More transparency and dialogue with businesses will also help in overcoming current problems that they have. Therefore, today's Communication foresees a centralised VAT information portal and an EU VAT forum to involve all stakeholders in the establishment and interpretation of relevant EU laws.
Now let me turn to another crucial element linked to VAT: Revenue. VAT currently accounts for over 20% of Member States' income. There is no question that it has a vital role to play in their consolidation efforts, particularly at this time.
We therefore need to ensure the quality and stability of this revenue.
When presenting the taxation aspects of the Annual Growth Survey, two weeks ago, I suggested that Member States should examine how they can broaden their tax bases and close tax gaps. Today's Communication not only reinforces this message, but also provides the roadmap to do so.
Limiting the use of reduced VAT rates and exemptions could provide Member States with important new revenue, without burdening their citizens with further standard rate increases.
In fact, our studies show that if all reduced rates were removed, the standard rate could actually be reduced by up to 7.5 percentage points in some cases, without any impact on overall revenues.
Moreover, the fragmentation of the Internal Market caused by the different national approaches would be considerably reduced.
Let me be clear: today's Communication is not about eliminating reduced rates and exemptions.
But it is about going back to the drawing board and looking carefully to see which ones can be justified.
We set out the principles to guide such an assessment, and will take the work forward on this basis, starting next year. This will be done in close cooperation with Member States and other stakeholders.
Another important problem to tackle if we want stable revenues is fraud. It robs the public purse of billions of euros every year, and the current system is not sufficiently equipped to tackle this. Fraud is almost impossible to eliminate, but we can take stronger measures to deter, detect and react to it.

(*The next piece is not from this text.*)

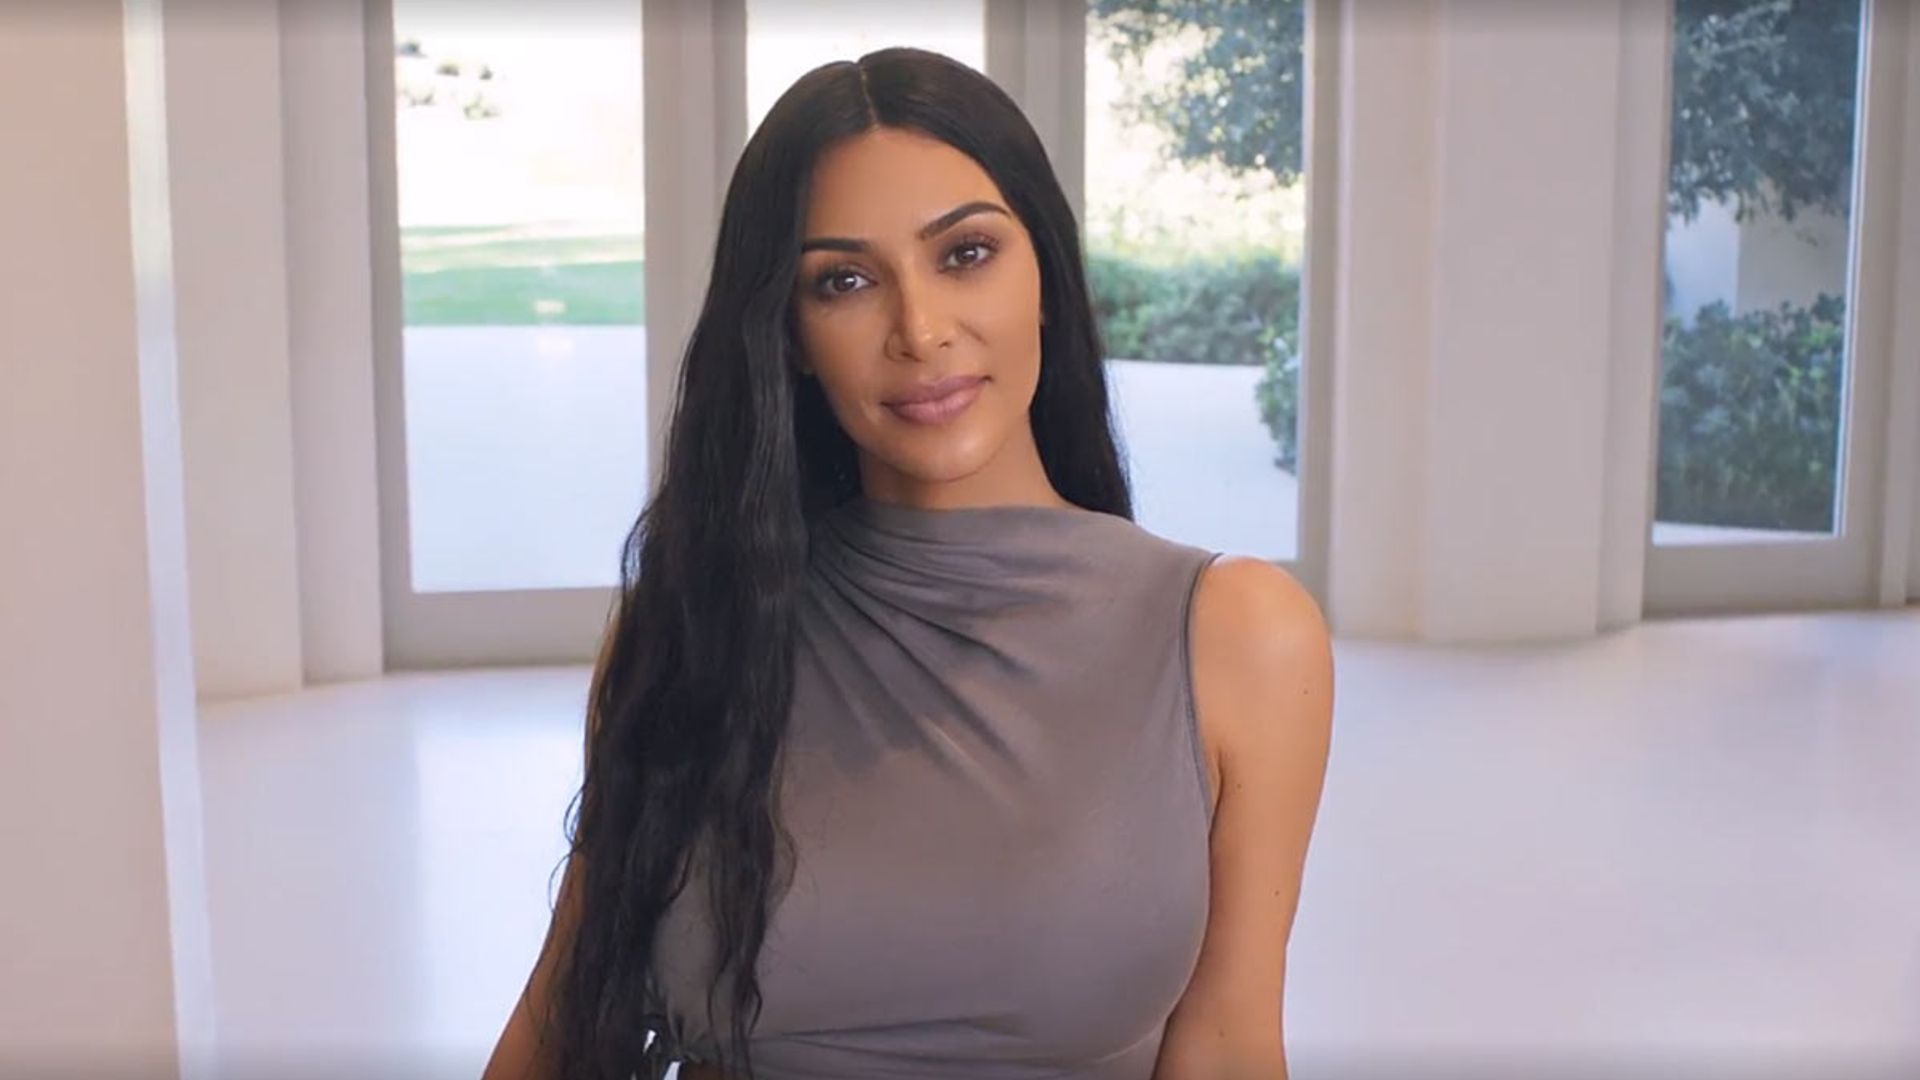 Kim Kardashian shares a rare glimpse into her bathroom and it includes an epic lavender forest
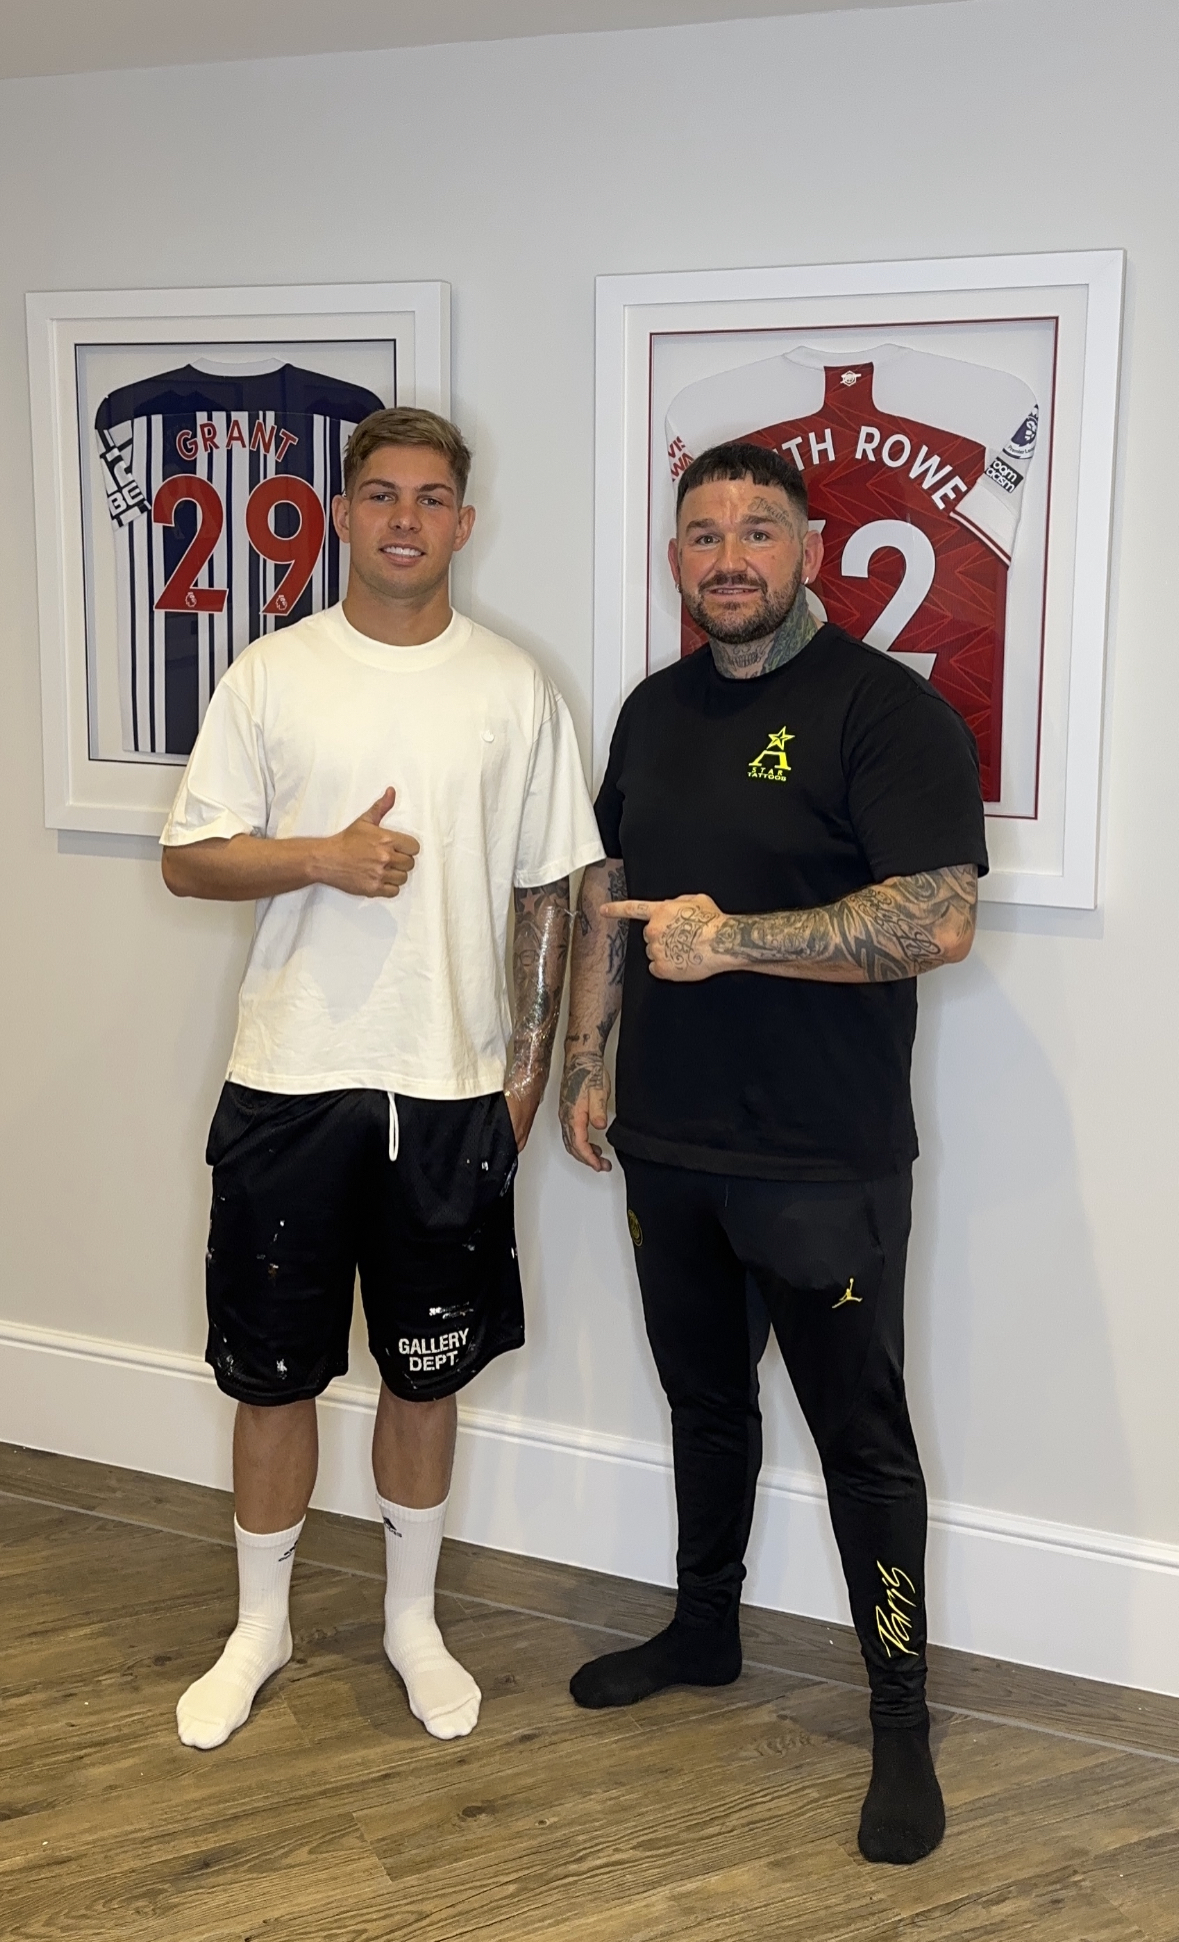 The tattoo artist pictures with Arsenal's Emile Smith Rowe

Member States must play their part by reinforcing their administrative capacity to stop fraud. The Commission will monitor the effectiveness of national measures, provide benchmarks and highlight areas for improvement.
At EU level, we will strengthen the instruments that have already been created, such as Eurofisc and the automated access to information. We will also create new anti-fraud tools such as a quick reaction mechanism for when fraud is suspected, and a platform for the better exchange of information on cross-border cases.
Finally, I will just mention that the long debate over whether to change the VAT system to one based on taxation at origin has led us to conclude that this will not be attainable. We will therefore focus our efforts on creating a properly-functioning destination-based system.
To conclude, the reform of our VAT system is not a 100 metre sprint, but a long-distance run. Changes will have to be gradual and steady, to avoid any risk to Member States' revenues or sudden adjustments for businesses. This is not to say, however, that we cannot see the finishing line. I have my sights firmly set on an EU VAT system which is easy to comply with, brings in quality revenue, and is well protected against fraud. Today's Communication is a major step in that direction, and the starting point for substantial improvements that lie ahead.